Iain took the hand firmly. “Sen Paolo—Iain. Is Madame Tereu a relative of yours?”
“My father’s cousin,” Gareth said, with a little obvious pride. “Pilot Kimura took notice of my test results after primary school, and here I am.” He closed the cover on the refresher and tugged his clothing straight. “Pilot Kimura says you have a ship like no other. I would—like very much to see it someday.”
“If you can get permission,” Iain said, “I’ll show it to you.”
“Thank you, Pilot,” Gareth said firmly. Then turned back toward the hatch. “I’d better get back in there. Kimura Hiso personally invited me to see this, as my cousin’s representative.”
Then he did you no favors.
“Surely you’ve seen enough,” Iain said. “For now.”
“I’m not weak,” Gareth said evenly. “I can handle this. It was just the, the shock of it.”
“I know,” Iain said. “I was about to throw up myself.” He set his hand on Gareth’s shoulder. “We could take our leave for a while, brother. What’s the use of being a pilot, having your own ship, if you don’t use your freedom?”
He saw the longing for escape in Gareth’s face. The boy glanced back toward the observation room. Then met Iain’s eyes and shook his head. “I can’t. I’m attending the First Pilot.”
“Then I’ll hope to see you at my ship soon,” Iain said. “This evening, perhaps?”
The boy looked doubtful. “Perhaps.” He half bowed and turned away to return to his post.
But Iain lingered where he was, in the shadowy passageway. The vague idea forming in the back of his mind took a clearer shape. Hope. Action.
Perhaps tonight, tomorrow, I can move.
Soon, Kimura Hiso.
THIRTEEN
DEEPSIDER HABITAT
HESTIA
Linnea emerged from the narrow docking tube leading from Esayeh’s little jumpship and looked around in awe. The docking bay formed a ring around the equator of the cylindrical habitat, and across from the docking tubes, wide windows overlooked the interior of the huge space inside. She hung back, nervous at the sheer
distance
visible through the window. She’d never seen so large a volume enclosed and under pressure in zero gee. And this place was to be her home for—how long, Pilang did not seem to know. “There’s work for you there” was all she would say.
A small figure shot out of the tube past Linnea, soared across the docking bay, and swung to a stop at one edge of the window. “Eh, Lin, come and look at this!”
“Mick,” Hana said reprovingly as she floated out of the tube, “city manners. Don’t bump people.” Pilang followed her, laughing.
The girl stuck out her tongue at Hana and turned back to the glass. “Don’t need to tell me all that,” she said. “I was born here in
Hestia
, you know. My mother worked in the power plant, don’t know if she’s still here—”

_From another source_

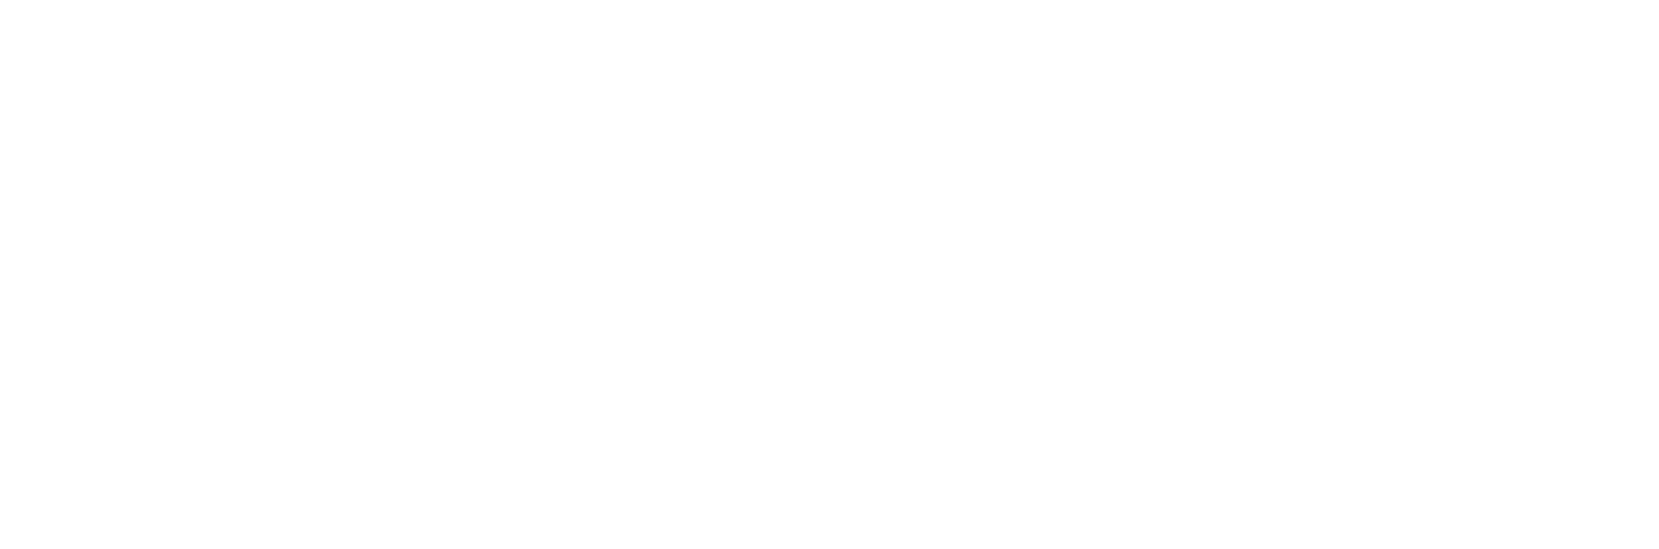 Congresswoman Elaine Luria logo
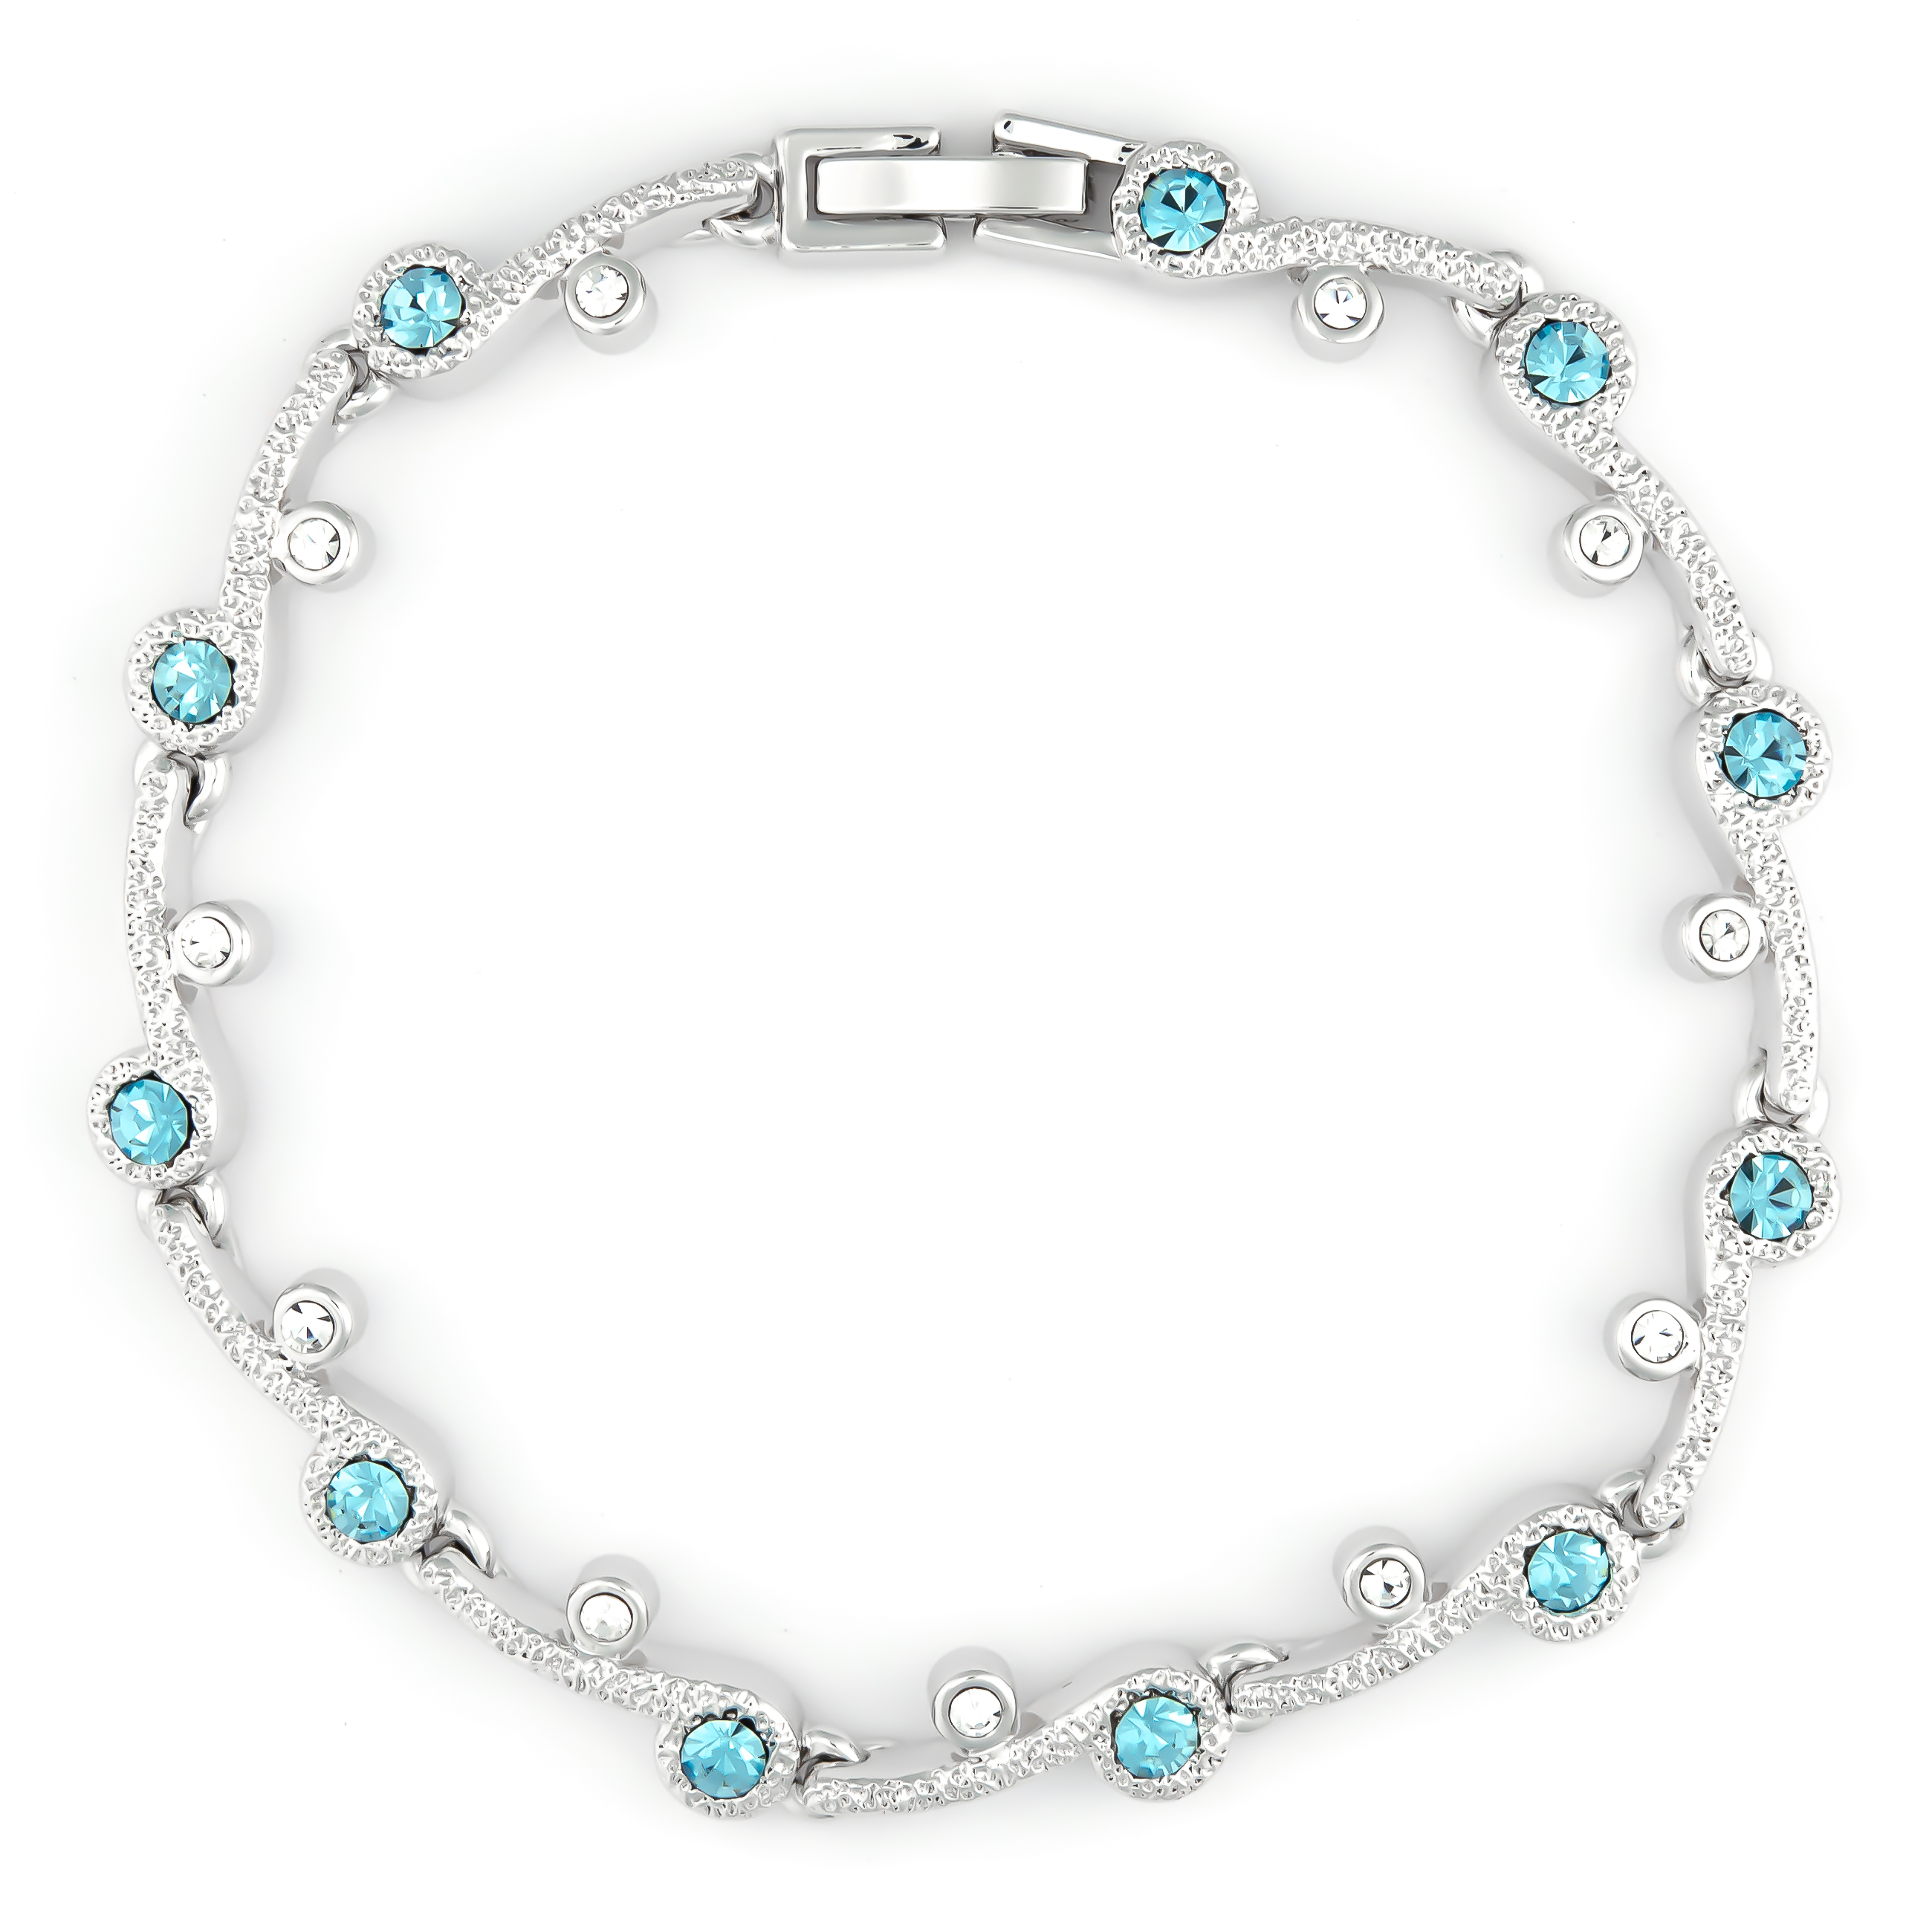 K.V. Fuchs Design Schmuck Damen Armband in silber mit Zirkonia in blau, weiß »22-02«

Linnea launched herself carefully past Hana and Pilang and took a place beside Mick in front of the thick glass, anchoring herself with one hand to another of the handholds that ringed the window. She breathed carefully, trying to keep her perceptions under control. If she let herself think of the view in just the wrong way, it would flick to a different orientation, becoming a pit below her. . . . She pushed the thought away and gripped more tightly. “How big is that space?” Linnea asked. “I can’t tell. I can’t even really
see
it, with the trees and the haze, and the light so bright.”